An eCommerce growth manager should be measured against: online revenue growth (total and by channel); customer acquisition cost (CAC) by channel; return on ad spend (ROAS) across paid channels; customer lifetime value (LTV) and LTV:CAC ratio; repeat purchase rate and retention metrics; and conversion rate from key traffic sources. A performance bonus structure tied to these KPIs aligns the candidate directly with the commercial outcome the D2C brand needs and attracts the most commercially motivated candidates.

07How long does it take to hire an eCommerce growth manager at a D2C brand?

Hiring an eCommerce growth manager at a D2C brand typically takes six to ten weeks from brief to accepted offer, assuming a competitive salary, a clear and compelling brief, and an efficient interview process. Full-funnel growth managers, who are the scarcest profile in the market, can take eight to twelve weeks. Strong candidates at this level will typically have multiple conversations active simultaneously. A slow process or a below-market offer will cost you the hire at the final stage.

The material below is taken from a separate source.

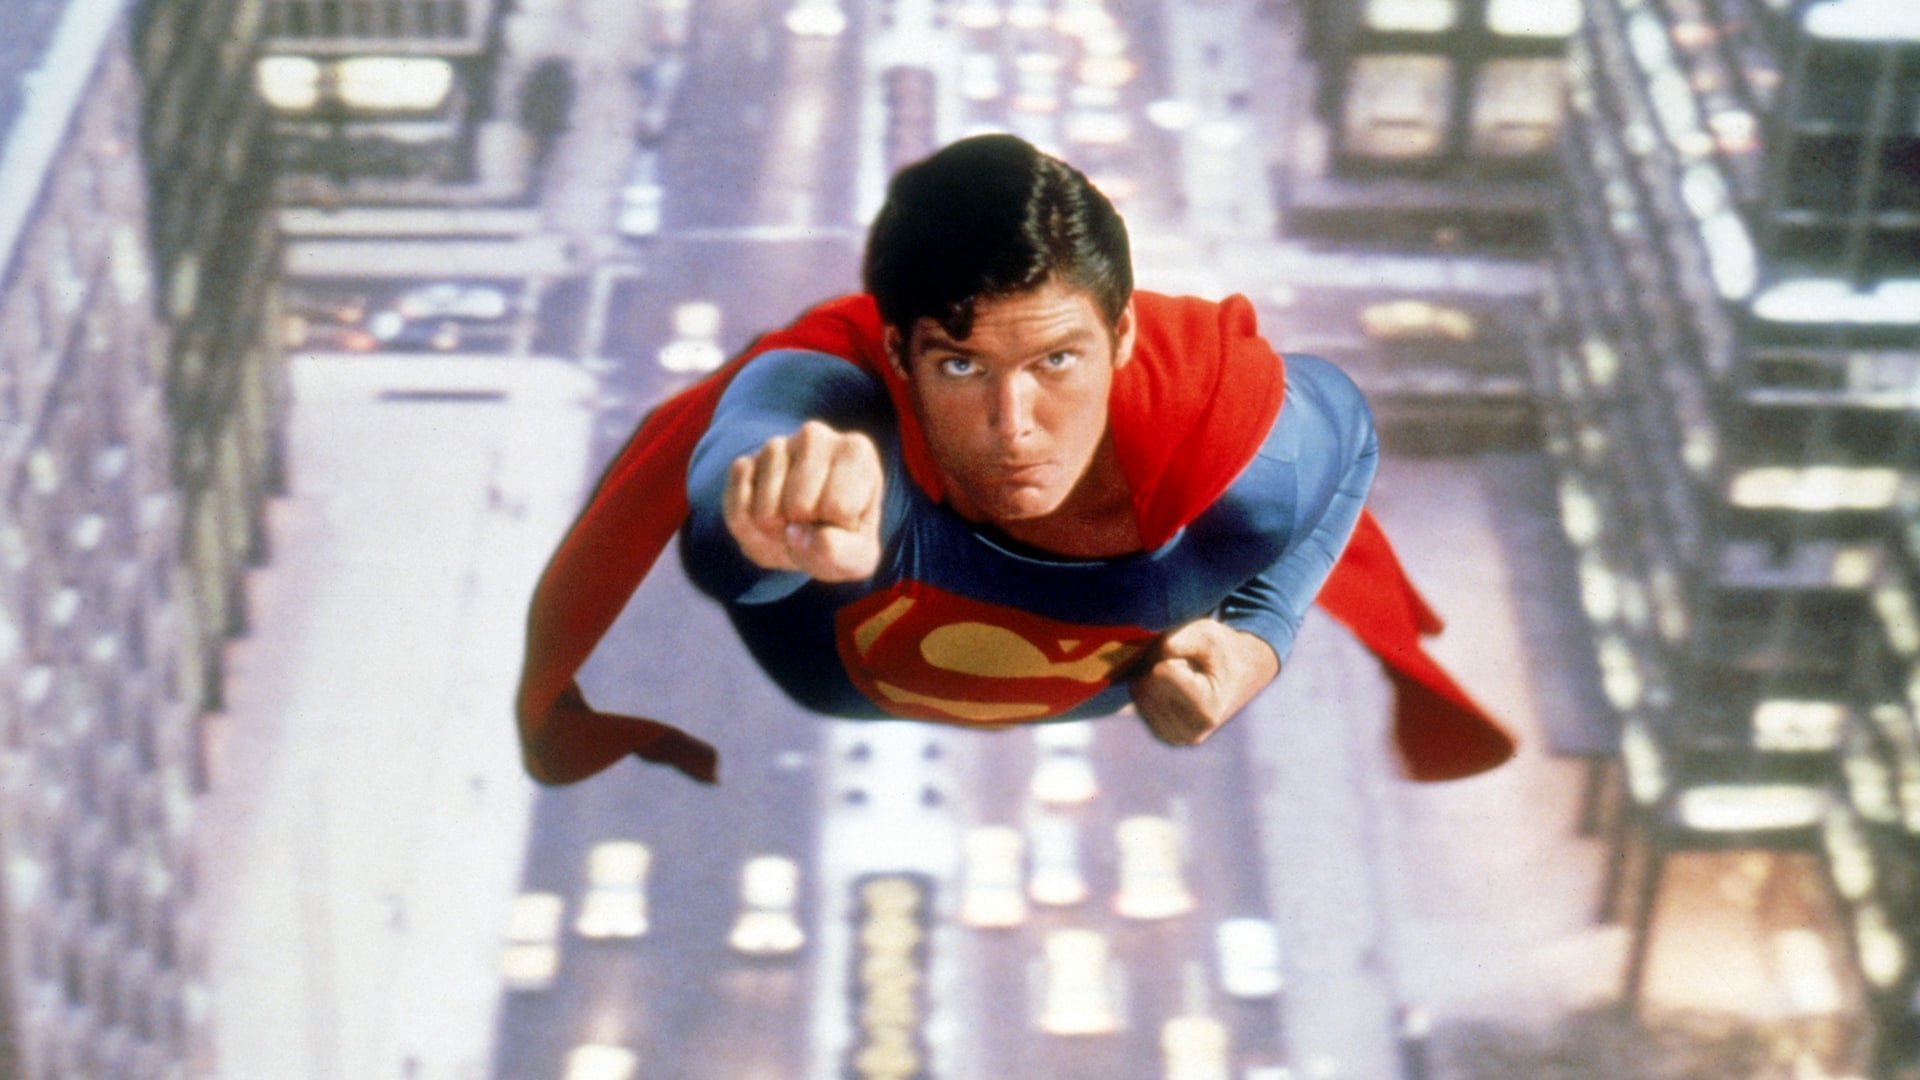 کریستوفر ریو در نقش مرد فولادی در سوپرمن محصول سال 1978

08What eCommerce manager skills are most in demand at D2C brands right now?

The most in-demand eCommerce manager skills at UK D2C brands currently are: multi-touch attribution modelling (Northbeam, Triple Whale, or GA4); Meta and Google Performance Max campaign management at scale; Klaviyo lifecycle automation and segmentation; CRO methodology and testing frameworks; LTV modelling and customer cohort analysis; TikTok Shop and social commerce management; and applied AI for creative testing, content personalisation, and campaign optimisation. Candidates combining commercial judgement with deep technical platform knowledge in these areas consistently command the highest eCommerce manager salaries in the UK D2C market.